Клэр вскрикнула и даже уронила морковку, которую жевала.

— Эйлин Лорд убьет тебя, это точно! Она уже знает, что ты сожгла себя, как головешка? А что ты сделала со своими волосами? И с бровями? — Клэр рухнула в кресло, потом добавила:

— Должно быть, скрываешься от Ардуоуса Артура. Но кто теперь наймет тебя с таким загаром.

— Нужно выпить, — заявила Жанни, доставая бутылку белого вина. — А теперь расскажи-ка нам обо всем, — потребовала она, протягивая Карен стакан.

— Но еще нет Хелен, — запротестовала Карен, — не хотелось бы все повторять дважды. Давайте подождем. — Жанни и Клэр застонали. — Ладно, можете считать, что я обманщица. А пока выкладывайте мне ваши новости.

— Ладно, — начала Жанни с недовольной гримаской, — моя самая большая новость — я нашла другого Вильяма.

— А как же твой предыдущий Вильям, — спросила Карен, — тот, что танцует в Балетном Театре?

Клэр рассмеялась:

— Этот тоже, конечно, танцовщик, но из Балета Нью-Йорк-Сити. Жанни называет их Вильям Первый и Вильям Второй.

Страсть Жанни к танцовщикам стала легендой среди ее друзей. Талантливая балерина, чья карьера была жестоко оборвана повреждением коленной чашечки, в свои двадцать пять лет она была самой молодой в их группе. Наделенная кожей белой и нежной, как итальянский алебастр, поразительно красивой спиной и плечами, она была нарасхват, когда требовалась модель для демонстрации вечерних туалетов и платьев для коктейлей.

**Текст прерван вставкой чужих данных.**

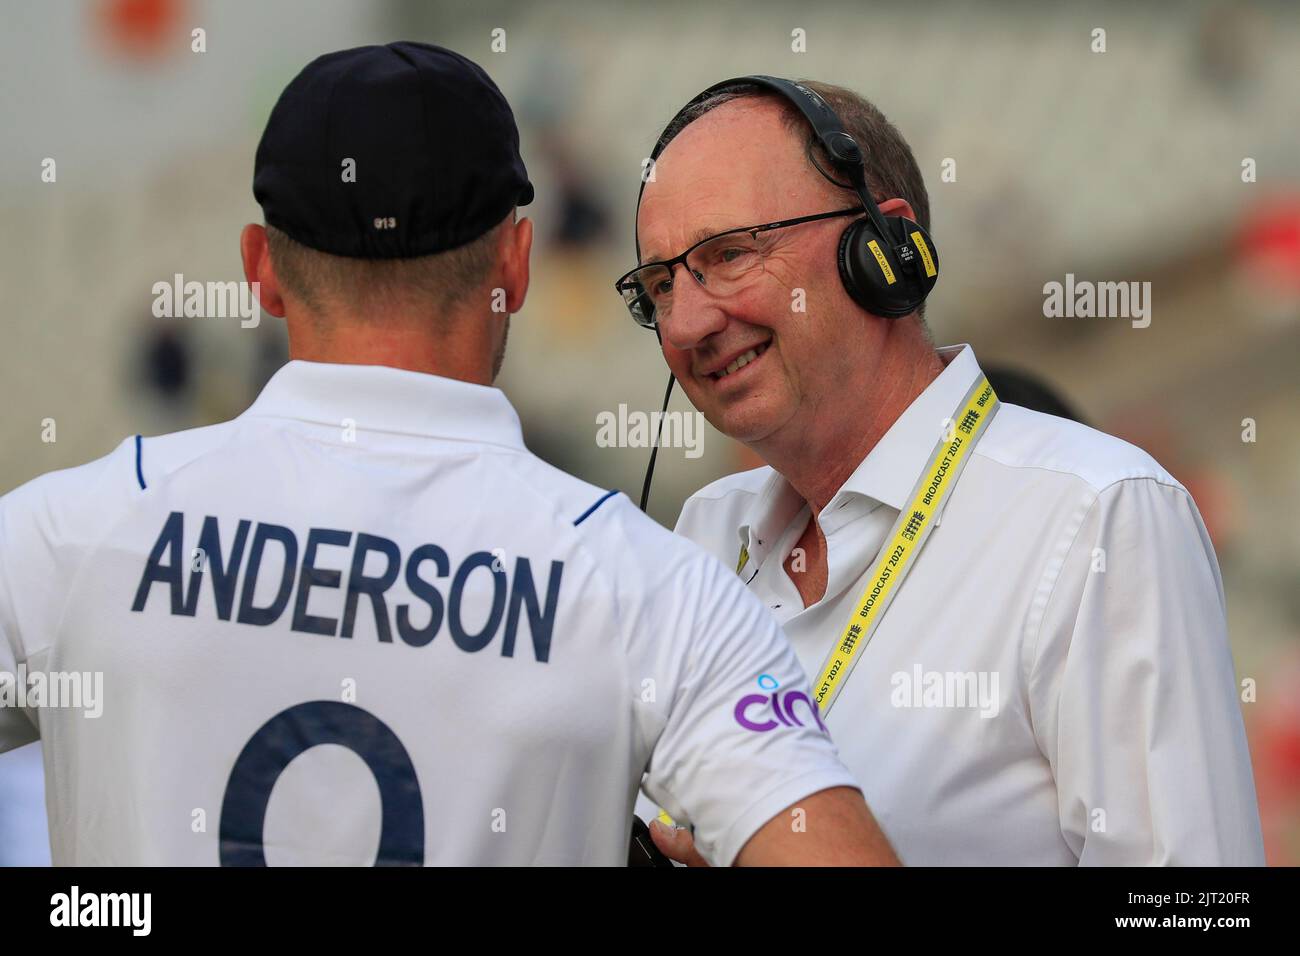 Manchester, UK. 27th Aug, 2022. Jonathan Agnew of Test Match Special interviews James Anderson of England after the match in Manchester, United Kingdom on 8/27/2022. (Photo by Conor Molloy/News Images/Sipa USA) Credit: Sipa USA/Alamy Live News Stock Photo

— Валяйте, — сказала, защищаясь Жанни, — но это очень удобно. Я всегда могу иметь под рукой одного Вильяма, когда другой на гастролях.

Карен повернулась к Клэр:

— А как твоя коллекция предложений? Карен знала, что Клэр коллекционирует предложения выйти замуж, как другие женщины коллекционируют граненый хрусталь или тарелки, выпущенные в единичных экземплярах. С азартом настоящего коллекционера Клэр добивалась улучшения списка, вычеркивая одних и добавляя других. В свои тридцать четыре, с шелковыми каштановыми волосами, яркая, она воплощала длинноногую, атлетическую американскую женскую красоту и производила сенсацию во всем, — начиная от модных лыжных костюмов до костюмов для подводного плавания.

— С тех пор как ты уехала, — сказала Клэр, — я свела их число до трех. Ее голубые глаза сузились, губы задумчиво вытянулись. — По моей шкале от одного до десяти баллов литературный агент опустился до пяти. Слишком угнетает, когда такой восхитительный сексуальный мужчина берет тебя за руки и говорит: «Выходи за меня замуж, я только что продал бестселлер будущего года». При этом он не ждет ответа. Он говорит: «Я принес рукопись. Ты должна ее прочитать. Это нечто вдохновенное». Затем садится рядом с тобой, чтобы быть уверенным, что ты читаешь какую-нибудь «Как излечить ишиас за тридцать дней». Брр…

— А парень из рекламного агентства еще котируется? — спросила Жанни.

— Опустился до шести. Он был забавен, когда работал с теннисными ракетками и лыжами, но потом его сместили на шипованные шины и аккумуляторы… В самом деле, кого интересуют протекторы и кислота для аккумуляторов?

— Ну, и кто же третий в твоем списке? — спросила Карен.

— Ax. — Фарфорово-голубые глаза Клэр блеснули. — Этот по моей шкале набирает девять баллов. Ричард юрист в какой-то жутко секретной комиссии при мэре, поэтому он не может говорить о своей работе вообще. Так что мы говорим с ним только о старых фильмах и… обо мне. Это восхитительно!

Жанни засмеялась и подлила всем еще немного вина. Карен, посмеиваясь в тон ей, подтолкнула Клэр и шепнула:

— Уж не случилось ли что-нибудь с Хелен?

— Не беспокойся, Хелен всегда опаздывает, — сказала Жанни. — Давай пока расскажу тебе, какую замечательную массажистку я нашла. Она изумительно делает массаж ног.

От массажа ног они перешли к балетным классам, потом к каше из восьми разных круп, которую Жанни нашла в магазинчике здоровой пищи на Пятьдесят седьмой улице, и наконец к новому рецепту Клэр приготовления супа из кресса водяного. К этому времени блюдо с сырыми овощами — морковками, цветной капустой, пучками влажной зелени и томатами — было опустошено.

— Я могла бы убить сейчас кого-нибудь за пиццу, — вздохнула Карен.

Жанни извлекла кусочек цветной капусты из своих волос и сказала:

— Лучше расскажи о своем превращении. Хелен, очевидно, уже не придет, а я не могу больше выдержать ни минуты. Эйлин знает? Как с твоей работой?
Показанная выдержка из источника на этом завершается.